If the enricher is OK, the starter cranks the engine, there's gas, the carb is clean and there's a spark then there may be an engine problem. You need to check the cylinder compression. You need a compression tester to do this. It screws in instead of the spark plug and measures cylinder pressure. When you crank the engine you should see a reading of around 140 psi or more. If it's 100 psi or less there's likely an engine problem (bad valve, bad piston, failed piston rings) which will need the engine taken apart to find.

Probably the most common problems leading to starting problems are a weak or dead battery or carburetor problems due to bad adjustment or build up of gummy deposits. Carburetor problems usually come on slowly though.
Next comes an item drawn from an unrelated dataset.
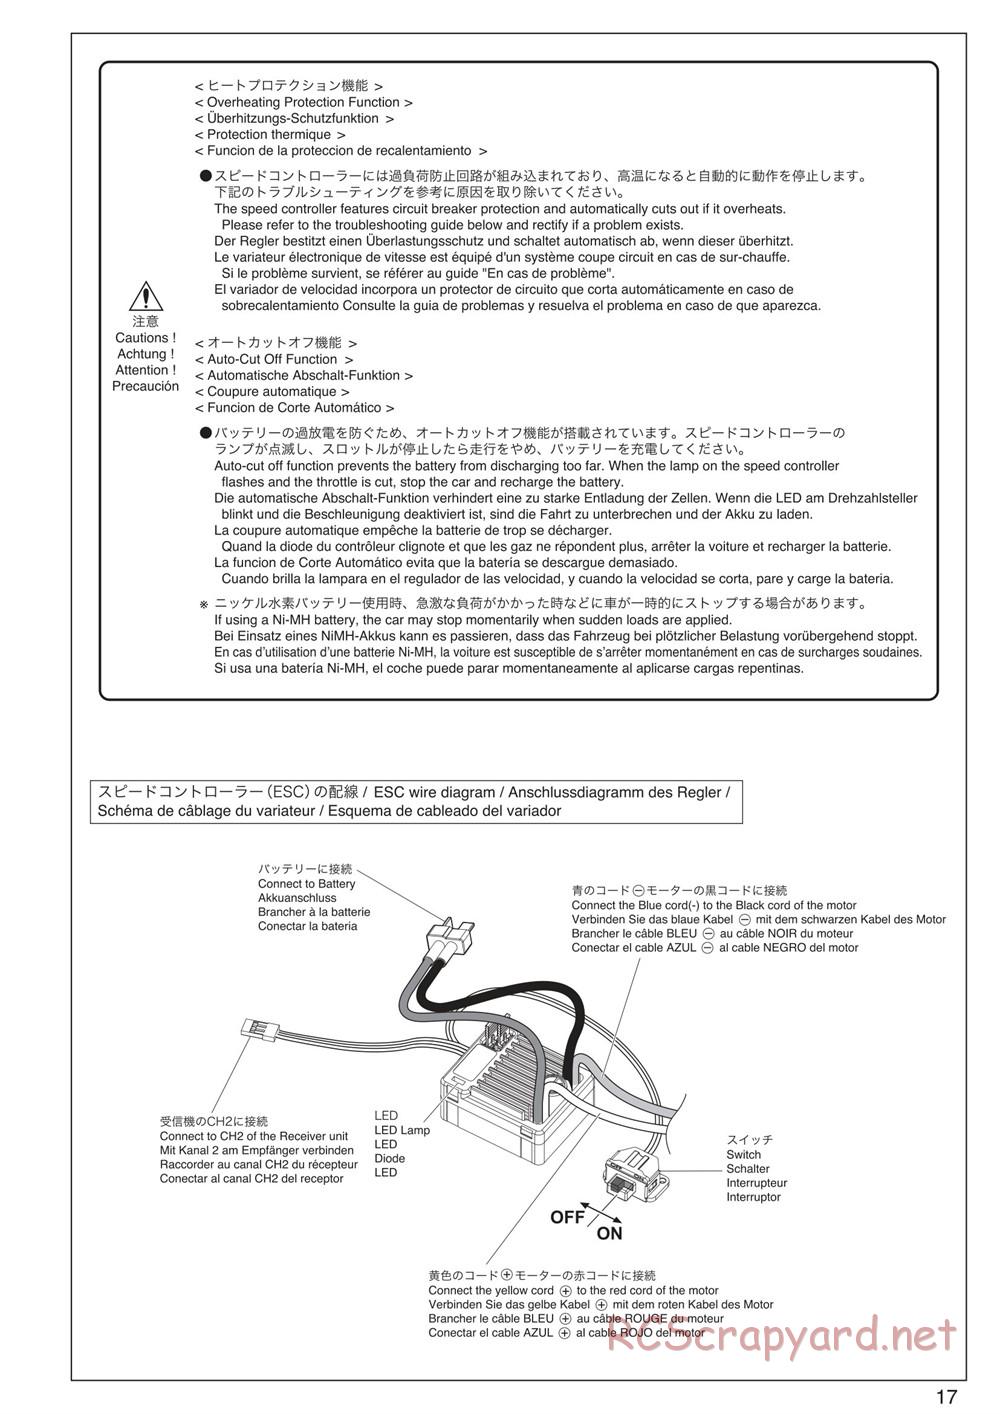 Kyosho - Monster Tracker EP - Manual - Page 17

If the bike is fine one day and refuses to start the next day, I'd first suspect an electrical problem (unless you just filled it with bad gas).

"Bad Gas" is usually wet gas, i.e. gas with water in it. You can also get water in the tank if you leave the bike out in the rain and the gas cap seal is bad. If either of these things happen the water sinks to the bottom of the tank, then when you switch to reserve you suck that water into the carbs and the bike stops running. You can tell if this is your problem by draining the carb float bowls. Each one has a drain port and a screw. Open the screw and gas (or whatever is in the float bowls) will come out of the drain port. If you catch whatever comes out in a glass jar, you will see if there is any water there because it will form a clear layer in the bottom of the jar. You can then clean out your gas tank! If nothing comes out of the float bowls (or just a few drips), it means you have some sort of fuel supply problem (blocked hose, bad petcock etc). Note: if the carb bowls have been drained, it will often take up to 30 seconds of cranking to allow them to fill back up to the point at which the bike will start.

Sometimes changing the plugs can help, even if they seem to be sparking OK. I don't know why this works, but sometimes it just does. So new plugs would come before tearing apart the engine! You may also get a reluctant bike to start better if you jump start it from a car. The car battery has a larger capacity and may be able to spin the starter faster and for longer (though you shouldn't hold the starter button in for more than about 5 seconds on each attempt to avoid overheating it). When jump starting from a car, don't leave the car engine running. The car's electrical system can supply a lot more current then the bike's battery is capable of safely taking.